21st Mar 2019 8 minutes read

12 Must-Know Python Tips and Tricks for Data Scientists

You already have some foundational knowledge of Python for data science. But do you write your code efficiently? Check out these tips and tricks to supercharge your Python skills.

How to Write Efficient Python Code

In this article, we'll take a look at some tricks that will help you write fast and efficient Python code. I'll start with how to optimize code that involves the pandas library. If you want to refresh your knowledge of pandas, check out our Introduction to Python for Data Science course.

Afterwards, I'll move on to some other general Python best practices, including list comprehensions, enumerators, strings concatenation, and more.

1. Determining the Percentage of Missing Data

For illustration, I'm going to use a synthetic dataset with the contact information of 500 fictitious subjects from the US. Let's imagine that this is our client base. Here's what the dataset looks like:

clients.head()

As you can see, it includes information on each person's first name, last name, company name, address, city, county, state, zip code, phone numbers, email, and web address.

Our first task is to check for missing data. You can use clients.info() to get an overview of the number of complete entries in each of the columns. However, if you want a clearer picture, here's how you can get the percentage of missing entries for each of the features in descending order:

# Getting percentange of missing data for each column
(clients.isnull().sum()/clients.isnull().count()).sort_values(ascending=False)

As you may recall, isnull() returns an array of True and False values that indicate whether a given entry is present or missing, respectively. In addition, True is considered as 1 and False is considered as 0 when we pass this boolean object to mathematical operations. Thus, clients.isnull().sum() gives us the number of missing values in each of the columns (the number of True values), while clients.isnull().count() is the total number of values in each column.

After we divide the first value by the second and sort our results in descending order, we get the percentage of missing data entries for each column, starting with the column that has the most missing values.

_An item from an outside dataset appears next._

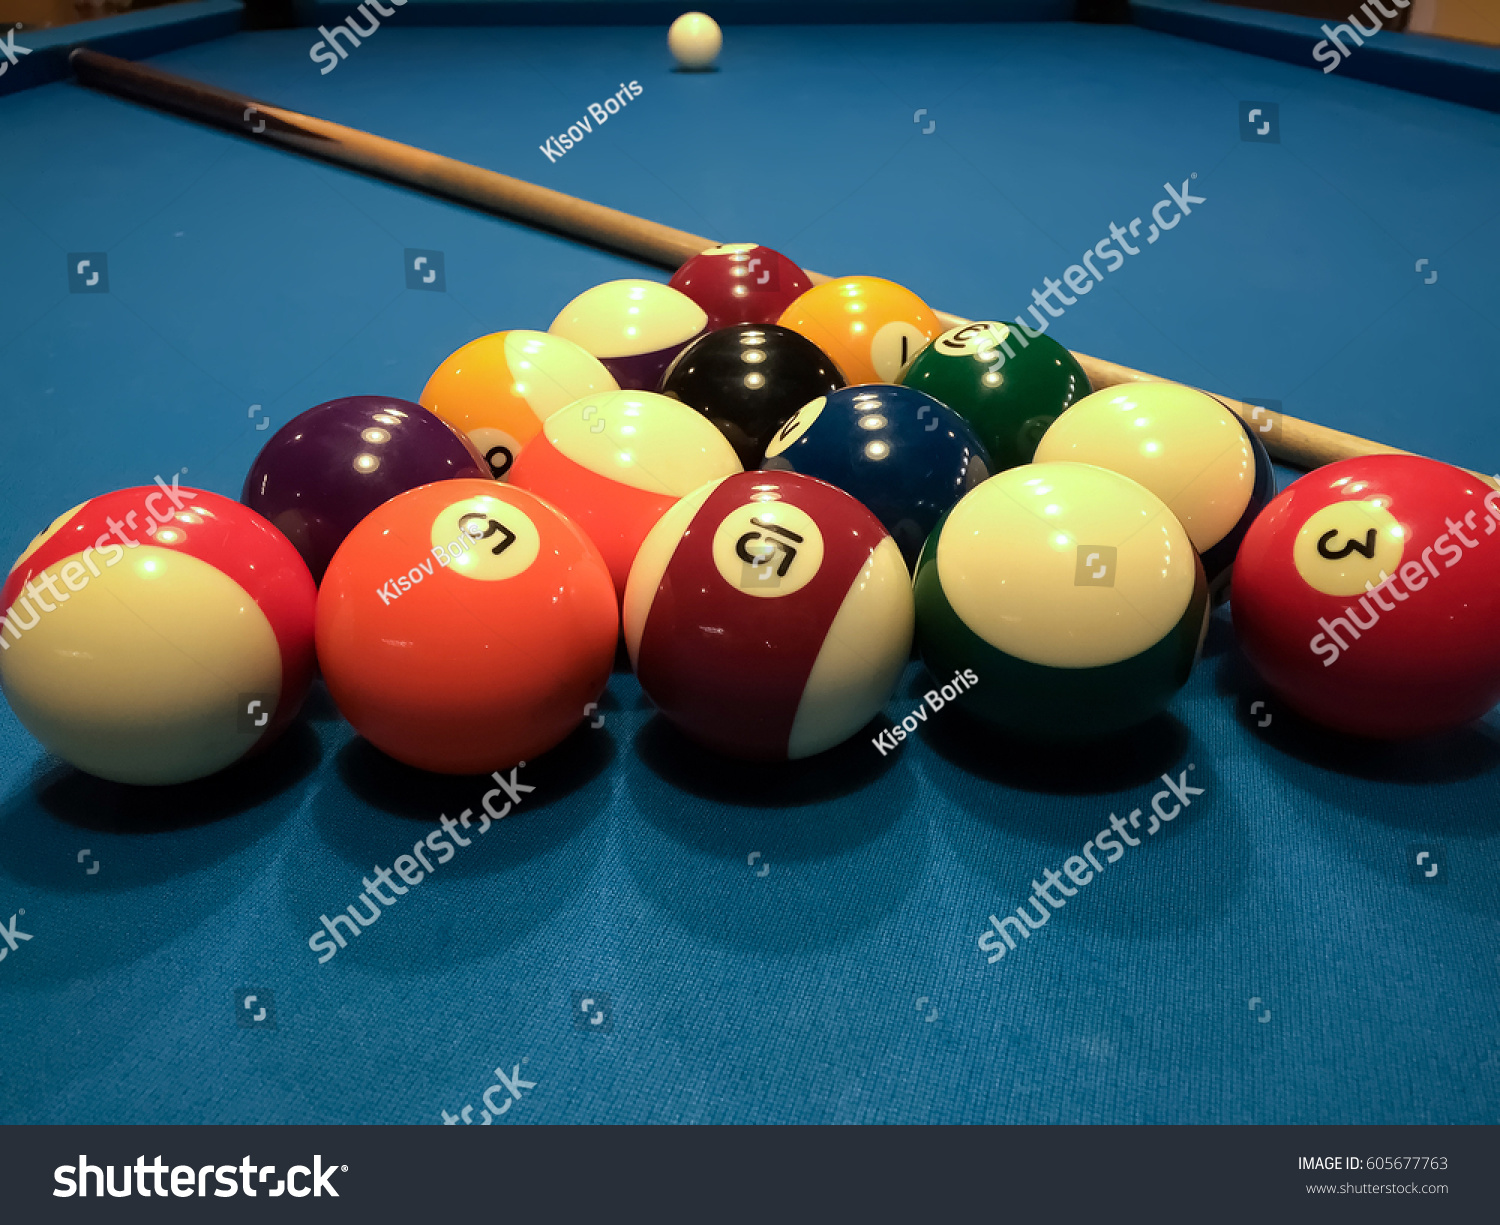 Colorful Billiards Balls Billiard Ball Blue Stock Photo 605677763

In our example, we see that we miss the second phone number for 51.6% of our clients.

2. Finding a Unique Set of Values

There's a standard way to get a list of unique values for a particular column: clients['state'].unique(). However, if you have a huge dataset with millions of entries, you might prefer a much faster option:

# Checking unique values efficiently
clients['state'].drop_duplicates(keep="first", inplace=False).sort_values()

This way, you drop all the duplicates and keep only the first occurrence of each value. We've also sorted the results to check that each state is indeed mentioned only once.

3. Joining Columns

Often, you might need to join several columns with a specific separator. Here's an easy way to do this:

# Joining columns with first and last name
clients['name'] = clients['first_name'] + ' ' + clients['last_name']

clients['name'].head()

As you can see, we combined the first_name and last_name columns into the name column, where the first and last names are separated by a space.

4. Splitting Columns

And what if we need to split columns instead? Here's an efficient way to split one column into two columns using the first space character in a data entry:

# Getting first name from the 'name' column
clients['f_name'] = clients['name'].str.split(' ', expand = True)[0]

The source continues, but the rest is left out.